◆ **Saved entries**
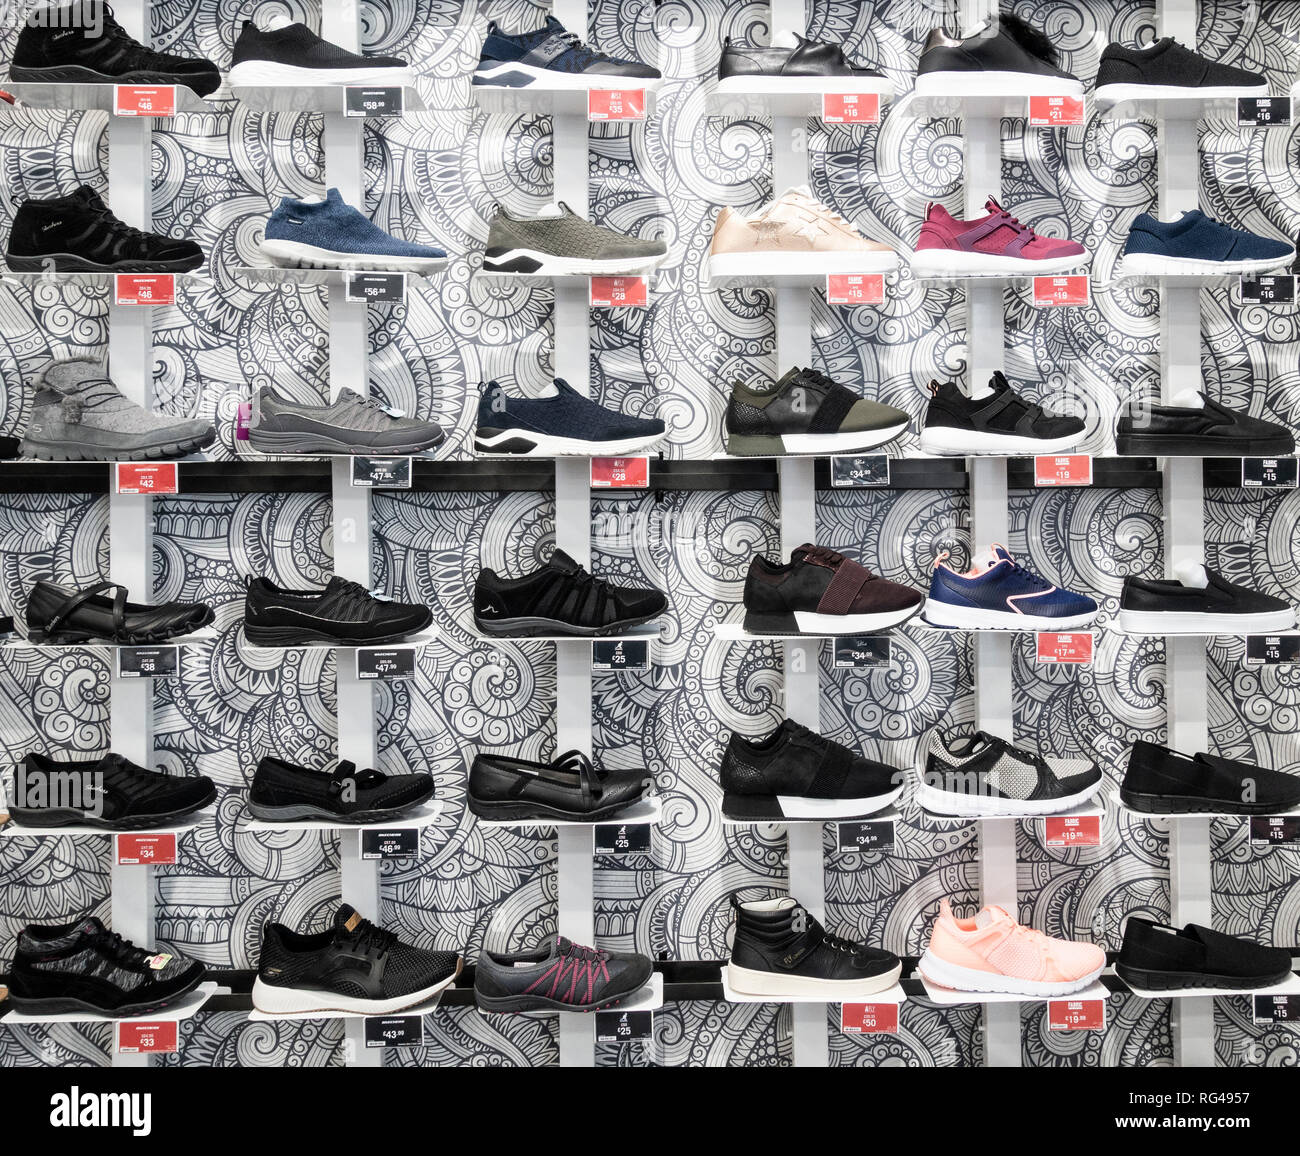 Calzature casual/formatori in un negozio di articoli sportivi. Regno Unito Foto Stock
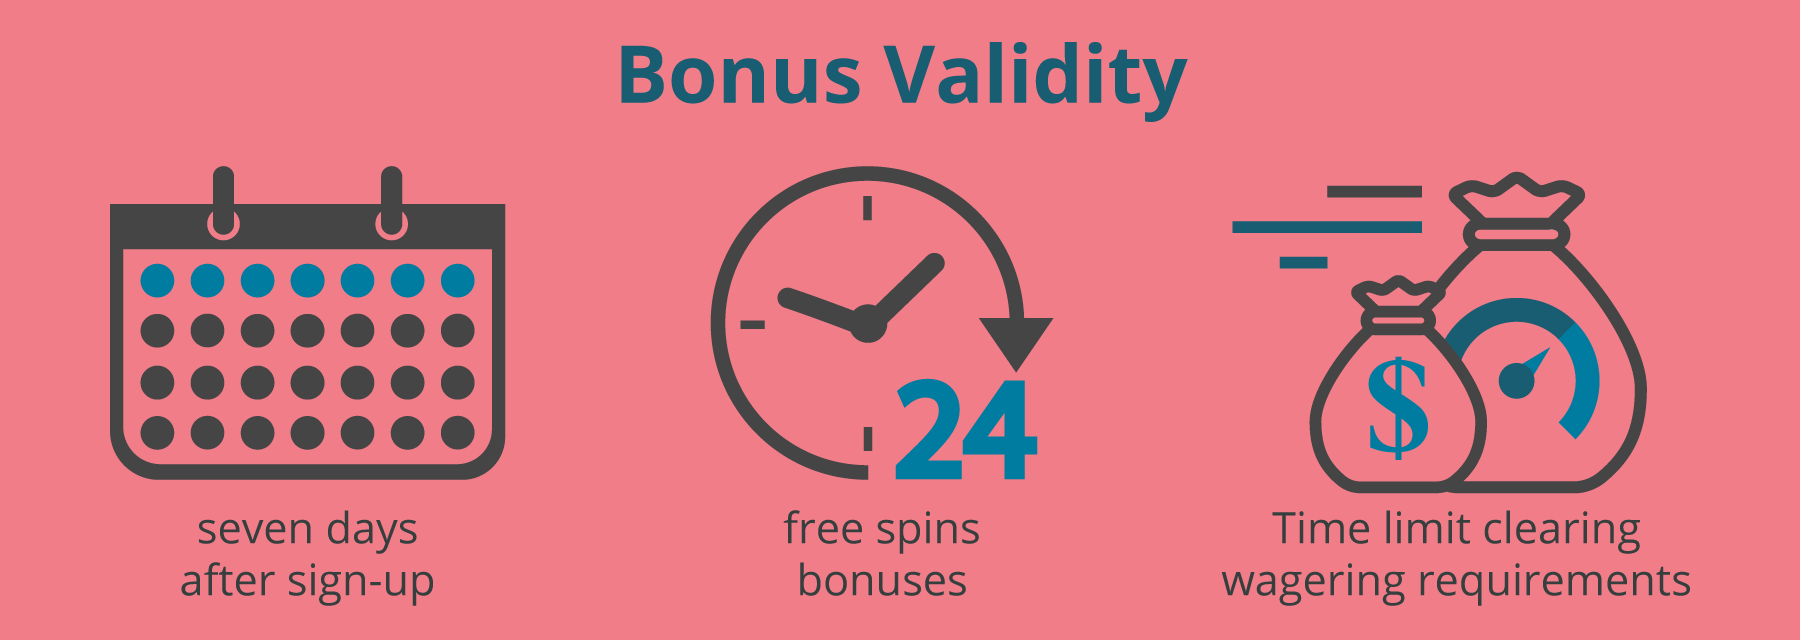 Casino Bonus Validity - Emirates Casino Online Casino Bonus Guide
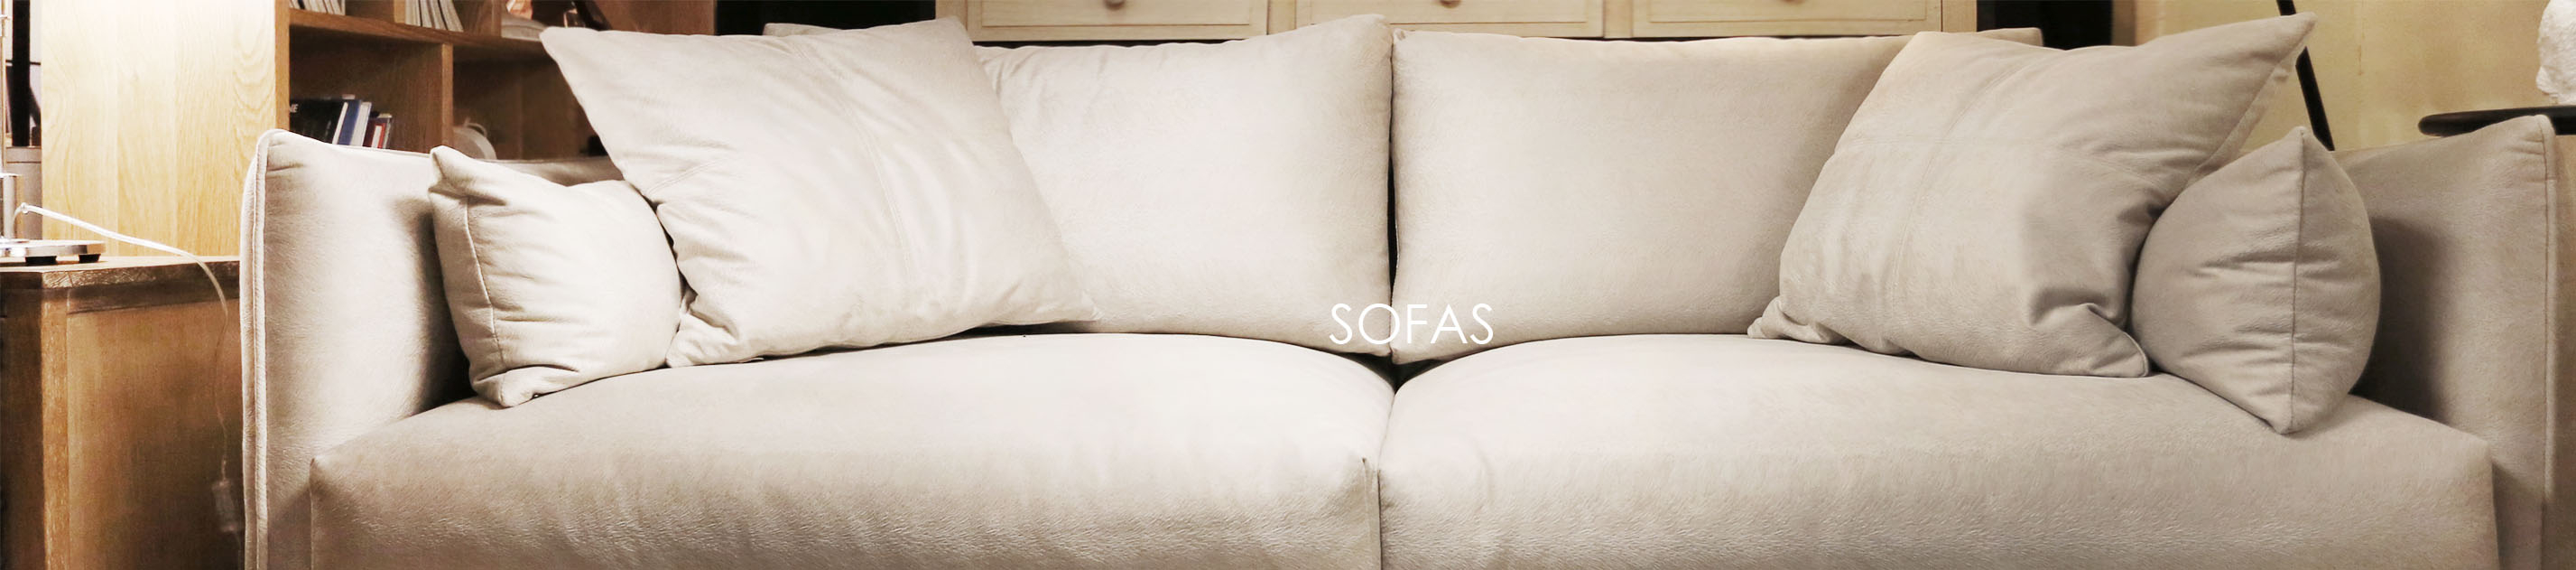 Sofas
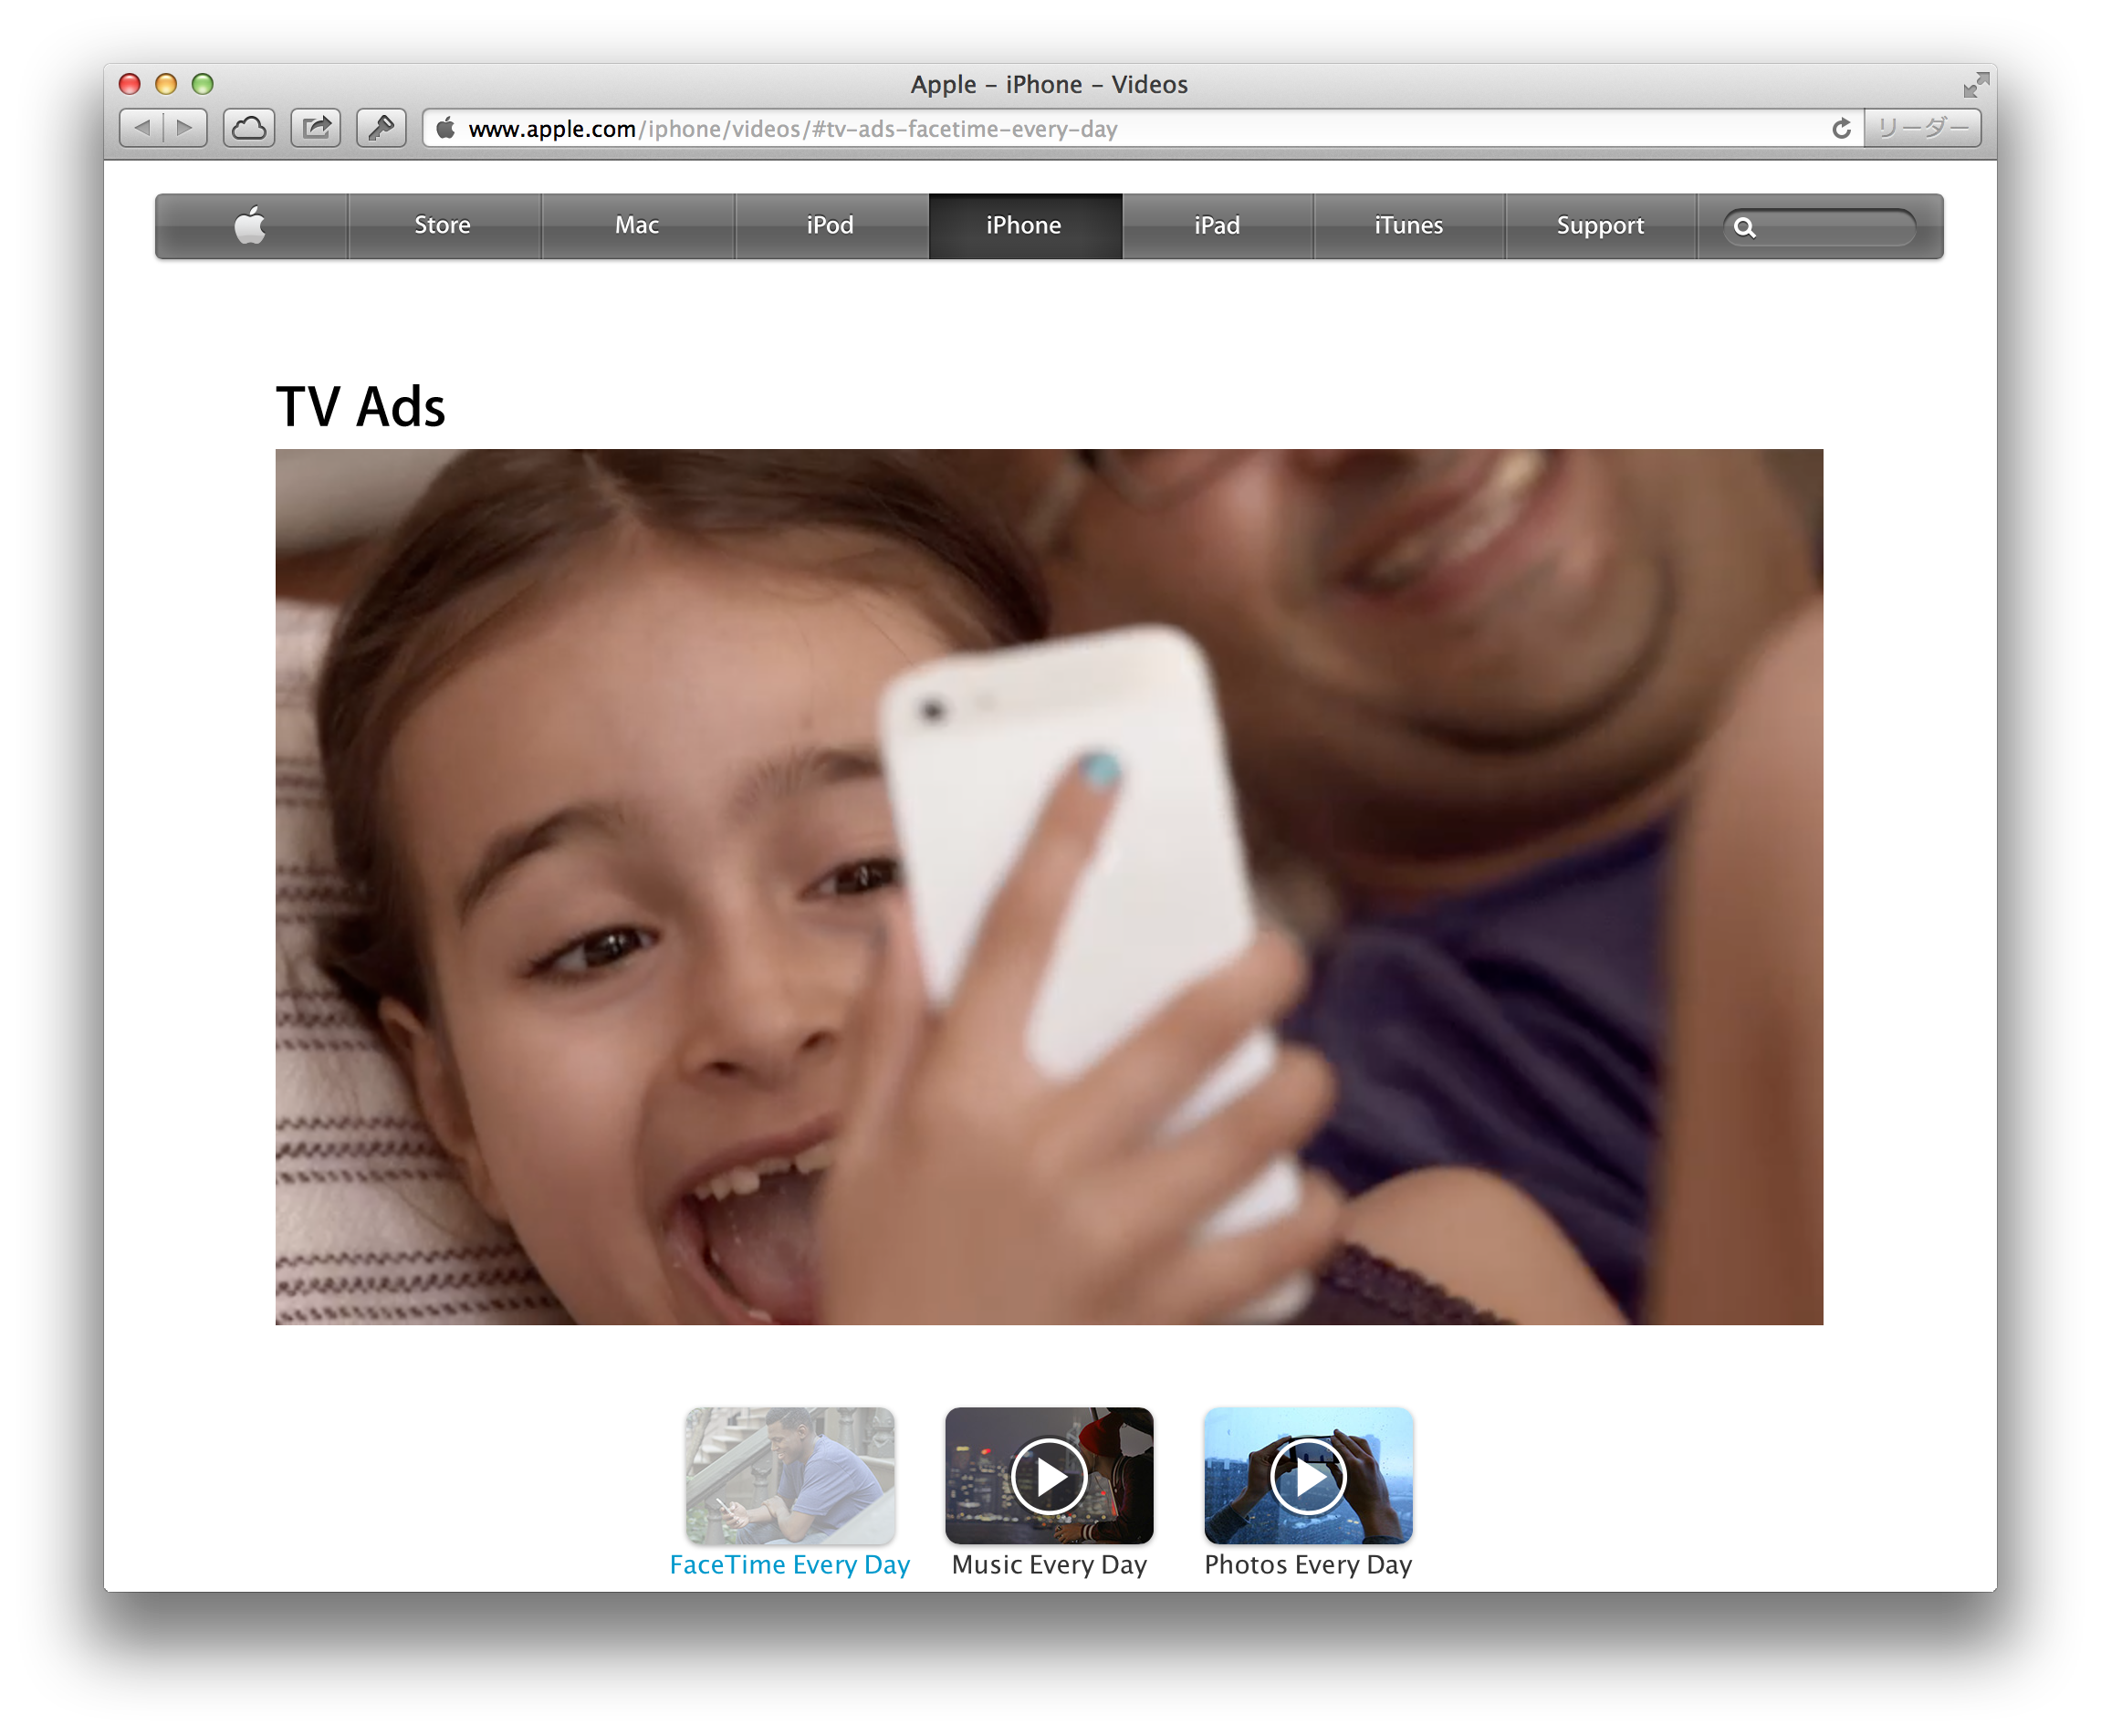 AppleのiPhoneのコマーシャル「FaceTime Every Day」は日常にこそドラマがあることを思い出させてくれる
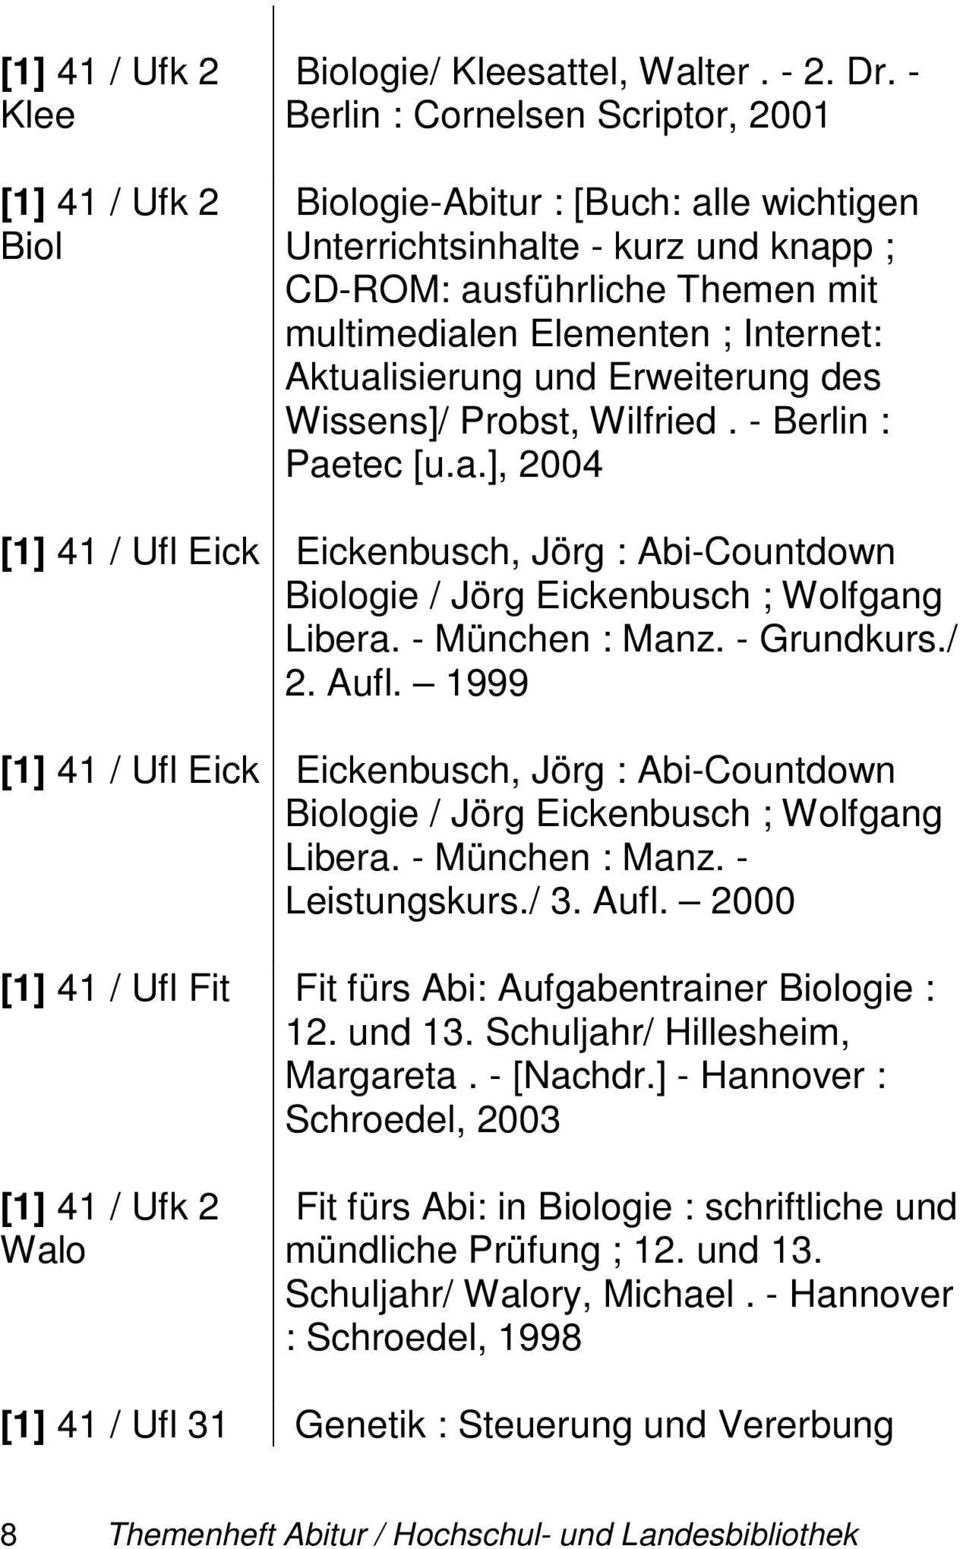 Erweiterung des Wissens]/ Probst, Wilfried. - Berlin : Paetec [u.a.], 2004 [1] 41 / Ufl Eick Eickenbusch, Jörg : Abi-Countdown Biologie / Jörg Eickenbusch ; Wolfgang Libera. - München : Manz.

◆ **To do**
Reproduce the complete set of records verbatim and omit the pictures.

◆ **Answer**
 Calzature casual/formatori in un negozio di articoli sportivi. Regno Unito Foto Stock
 Casino Bonus Validity - Emirates Casino Online Casino Bonus Guide
 Sofas
 AppleのiPhoneのコマーシャル「FaceTime Every Day」は日常にこそドラマがあることを思い出させてくれる
 Erweiterung des Wissens]/ Probst, Wilfried. - Berlin : Paetec [u.a.], 2004 [1] 41 / Ufl Eick Eickenbusch, Jörg : Abi-Countdown Biologie / Jörg Eickenbusch ; Wolfgang Libera. - München : Manz.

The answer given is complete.